We used an established theoretical diffusion coefficient values for proteins, RNAs and the subsequent complexes they formed based on a comparison of their molecular weights (56). The code can be downloaded from this link: https://doi.og/10.5281/zenodo/4299457. We assumed, for simplicity, a lack of folding that would influence the diffusion coefficient. The molecular weight of the protein used in Gasior, Zhao et al (56) is similar to that of TDP-43, but the size of the RNA that can exist within the nucleus can vary drastically 10²-10⁵). For simplicity, we used a value closer to the lower end of this range and thus modeled RNA to be 8x the molecular weight of the TDP-43 mutant, which is reflected in the diffusion coefficient. Further, because there are two monomers that are used to create the dimer, the TDP-43 mutant dimer has a diffusion coefficient half as large as the TDP43 mutant monomer. The code can be downloaded from this link: https://doi.org/10.5281/zenodo.4287615.

Statistics and data reproducibility

Except for the quantitative analyses for the proteomic data, student T-test (comparing two groups) and one-way ANOVA (comparing three groups or more) were used to calculate significance, and P<0.05 is considered statistically significant.

Each experiment was conducted at least three times or with at least three biological replicates.

TDP-43 phase transition is regulated by its RNA affinity and HSP70 activity.

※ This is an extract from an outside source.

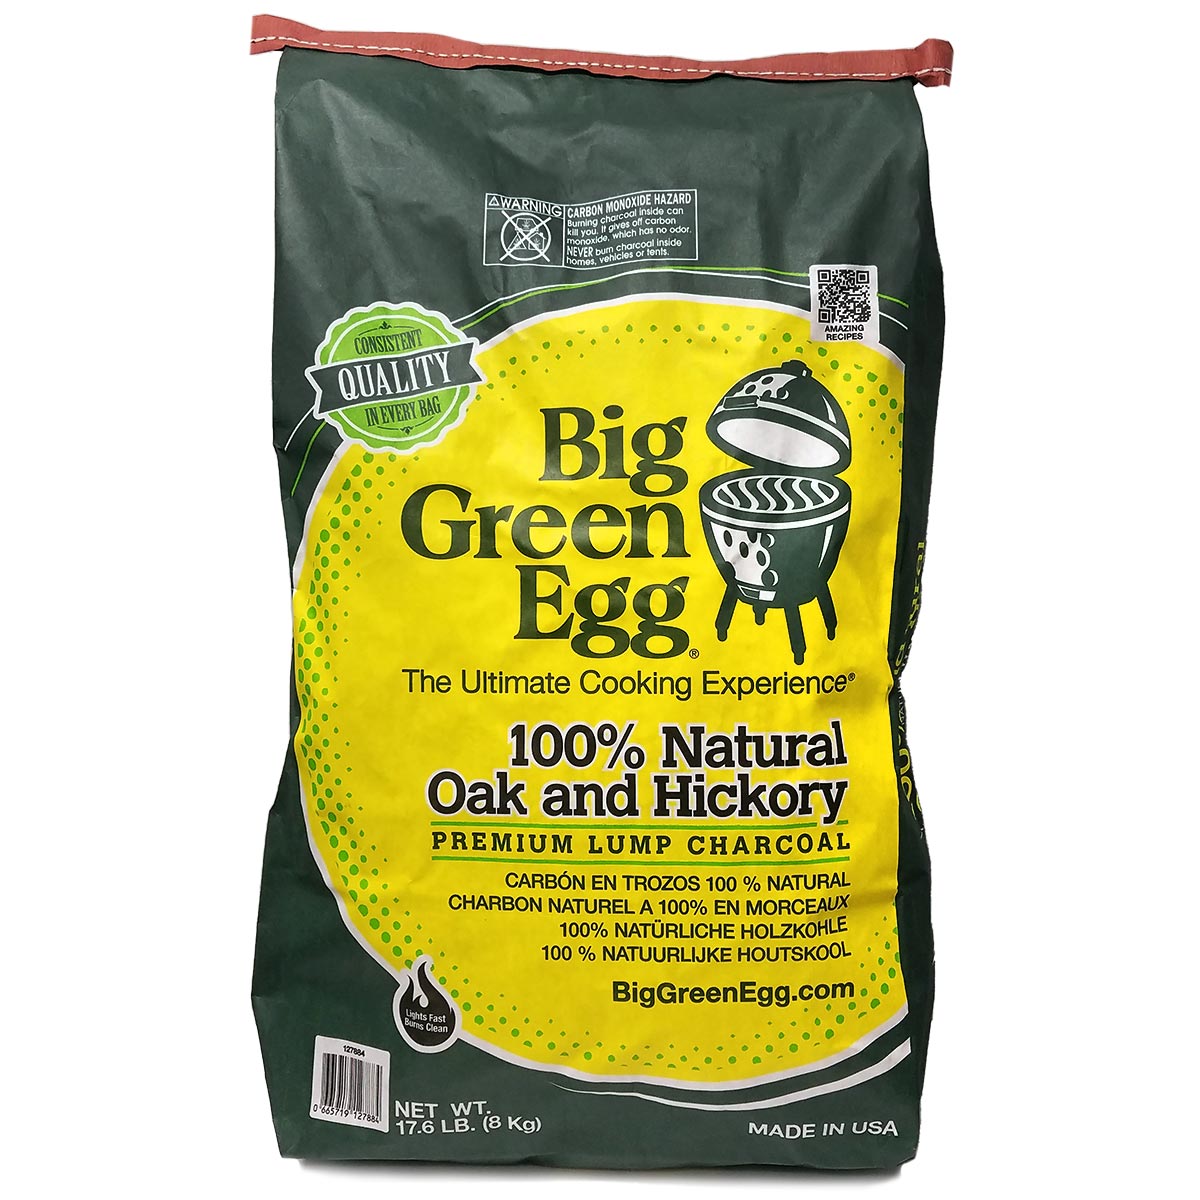 Kader Vergemakkelijken rek Premium Oak & Hickory Lump Charcoal | Big Green Egg – Outdoor Home
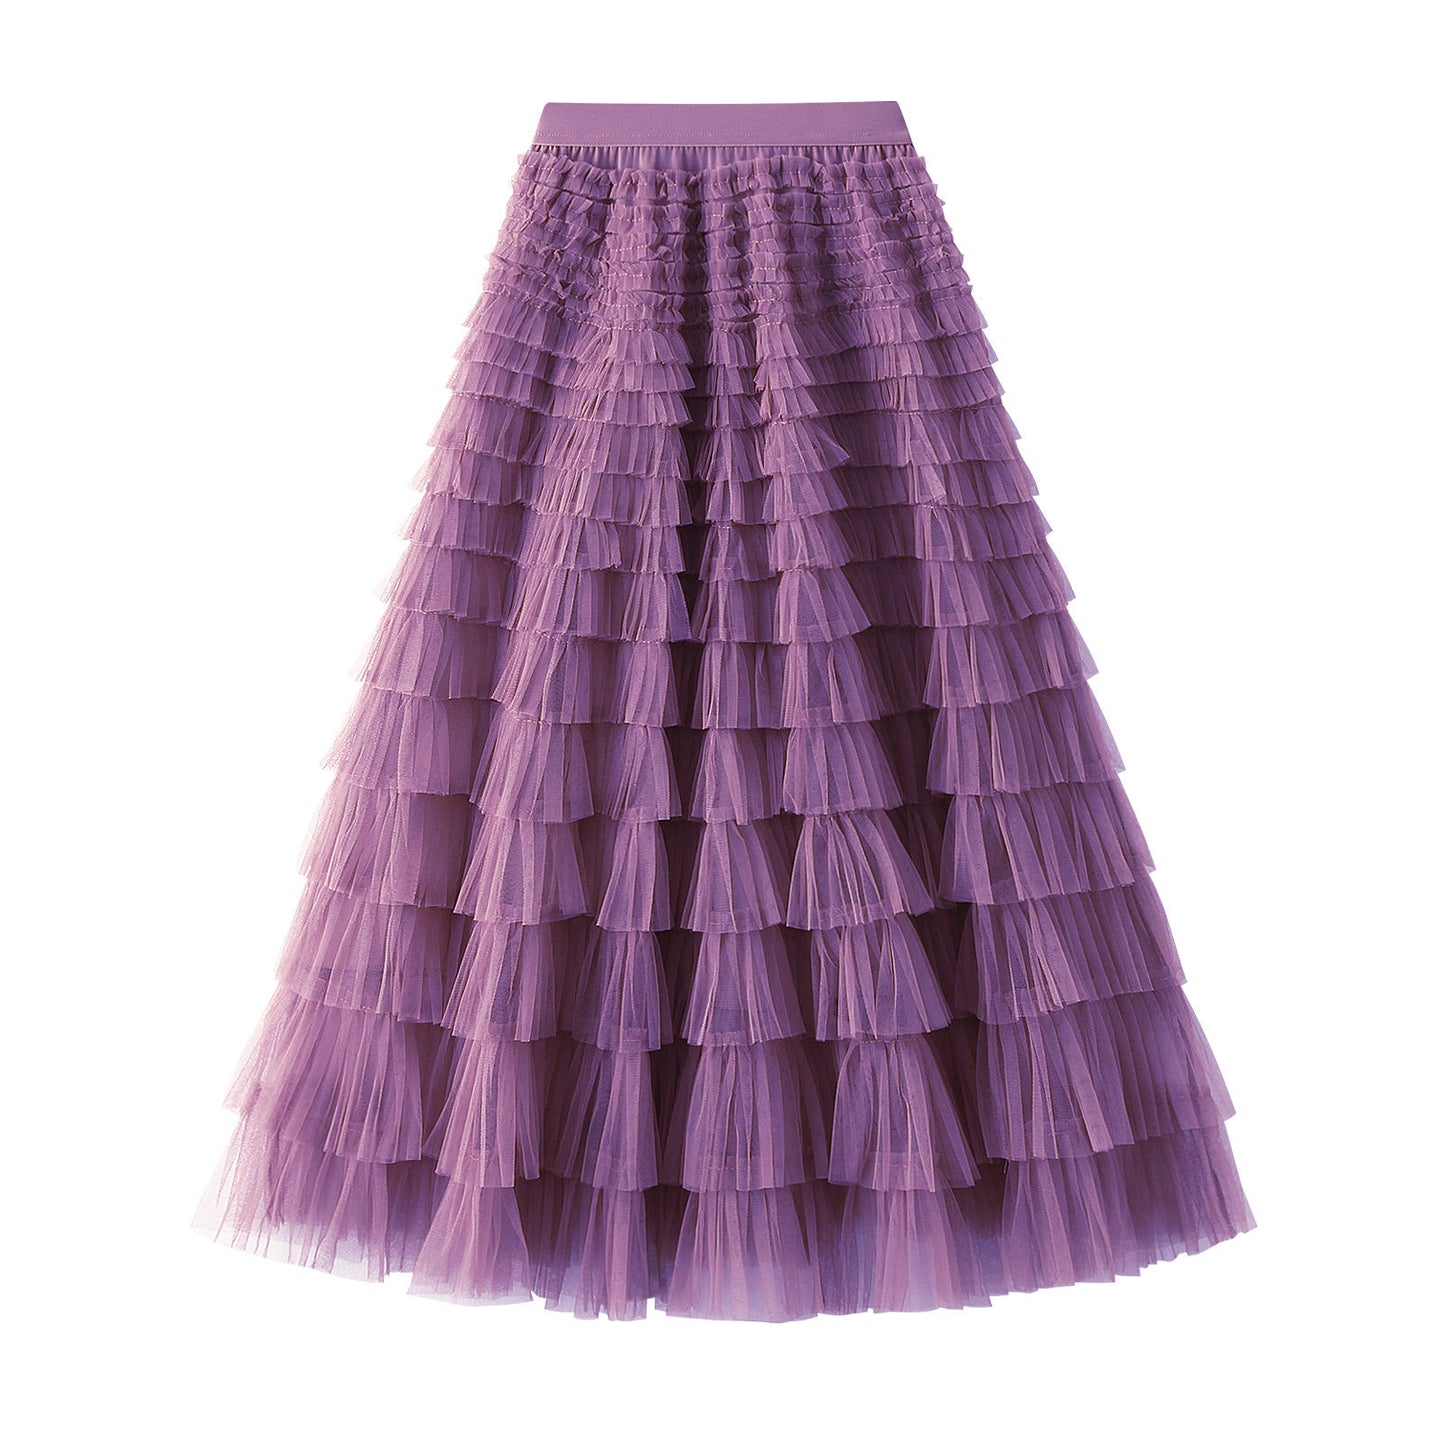 A-Line Mesh Ruffle Skirt Women's Temperament Sweet Long Skirt Slim Cupcake Dress Womens Clothing

RNA-binding protein TDP-43 forms aggregates in degenerating neurons, a pathological feature associated with aging, genetic, and/or environmental factors. Although naturally demixed, RNA-binding proficient TDP-43 is largely soluble in the nucleus with a small proportion demixed (A and B). Its RNA affinity is eliminated by acetylation, which drives most of TDP-43 into anisosomes, an intranuclear membraneless compartment with symmetrically aligned shell and core in which RNA-free TDP-43 is enriched in the shell. HSP70 stabilizes RNA-free TDP-43 and is enriched in the anisosomal core (C). When ATP-dependent chaperone activity of HSP70 is reduced by ATP depletion TDP-43 anisosomes collapse into gels (D) which may be precursors of intranuclear and cytoplasmic aggregates observed in degenerating neurons (E).